Is the Ideal Ratio Mask Really the Best? – Exploring the Best Extraction Performance and Optimal Mask of Mask-based Beamformers

paper_url: http://arxiv.org/abs/2309.12065
repo_url: None
paper_authors: Atsuo Hiroe, Katsutoshi Itoyama, Kazuhiro Nakadai
for: 这个研究探讨了面具基于的扩音器（BF），它们使用时间频率面具来提取目标语音。虽然已经有很多BF方法被提出，但以下几个方面还没有得到全面的探讨：1）哪种BF可以提供最好的提取性能？2）最佳面具是固定的？3）面具是否与理想的干扰面具（IRM）一样？
methods: 我们 investigate这些问题，考虑四种面具基于的BF：最大信号噪声比BF、其两种变体、以及多通道维因纳Filter（MWF）BF。为了获得每种BF的优化面具，我们使用一种通过每个语音样本的方差平方误差来最小化BF输出与目标语音之间的差异的方法。
results: 通过CHiME-3数据集的实验，我们发现四种BF都可以达到理想MWFBF的上限性能，但是每种BF的优化面具与IRM不同。这与传统的想法不同，即最佳面具是共同的，并且每种BF的最高性能都不同。因此，这个研究对面具基于BF的设计提供了贡献。

Abstract
This study investigates mask-based beamformers (BFs), which estimate filters to extract target speech using time-frequency masks.
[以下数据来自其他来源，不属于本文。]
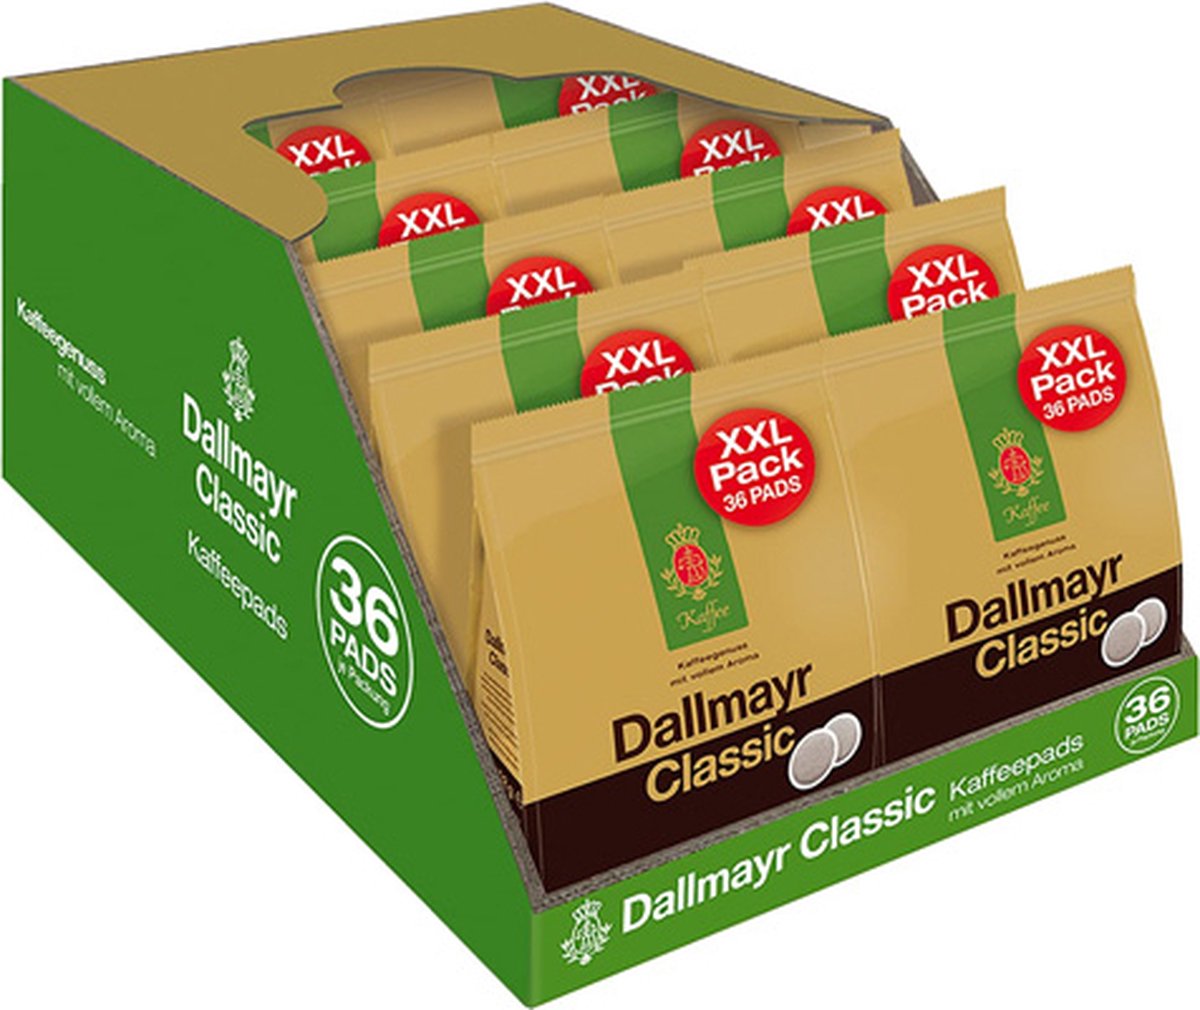 Dallmayr - Classic - 10x 36 pads

Although several BF methods have been proposed, the following aspects are yet to be comprehensively investigated. 1) Which BF can provide the best extraction performance in terms of the closeness of the BF output to the target speech? 2) Is the optimal mask for the best performance common for all BFs? 3) Is the ideal ratio mask (IRM) identical to the optimal mask? Accordingly, we investigate these issues considering four mask-based BFs: the maximum signal-to-noise ratio BF, two variants of this, and the multichannel Wiener filter (MWF) BF. To obtain the optimal mask corresponding to the peak performance for each BF, we employ an approach that minimizes the mean square error between the BF output and target speech for each utterance. Via the experiments with the CHiME-3 dataset, we verify that the four BFs have the same peak performance as the upper bound provided by the ideal MWF BF, whereas the optimal mask depends on the adopted BF and differs from the IRM. These observations differ from the conventional idea that the optimal mask is common for all BFs and that peak performance differs for each BF. Hence, this study contributes to the design of mask-based BFs.

摘要

Which BF can provide the best extraction performance in terms of the closeness of the BF output to the target speech?2. Is the optimal mask for the best performance common for all BFs?3. Is the ideal ratio mask (IRM) identical to the optimal mask?To investigate these issues, we considered four mask-based BFs: the maximum signal-to-noise ratio BF, two variants of this, and the multichannel Wiener filter (MWF) BF. We employed an approach that minimizes the mean square error between the BF output and target speech for each utterance to obtain the optimal mask corresponding to the peak performance for each BF.Through experiments with the CHiME-3 dataset, we found that the four BFs have the same peak performance as the upper bound provided by the ideal MWF BF, but the optimal mask depends on the adopted BF and differs from the IRM. These observations differ from the conventional idea that the optimal mask is common for all BFs and that peak performance differs for each BF. Therefore, this study contributes to the design of mask-based BFs.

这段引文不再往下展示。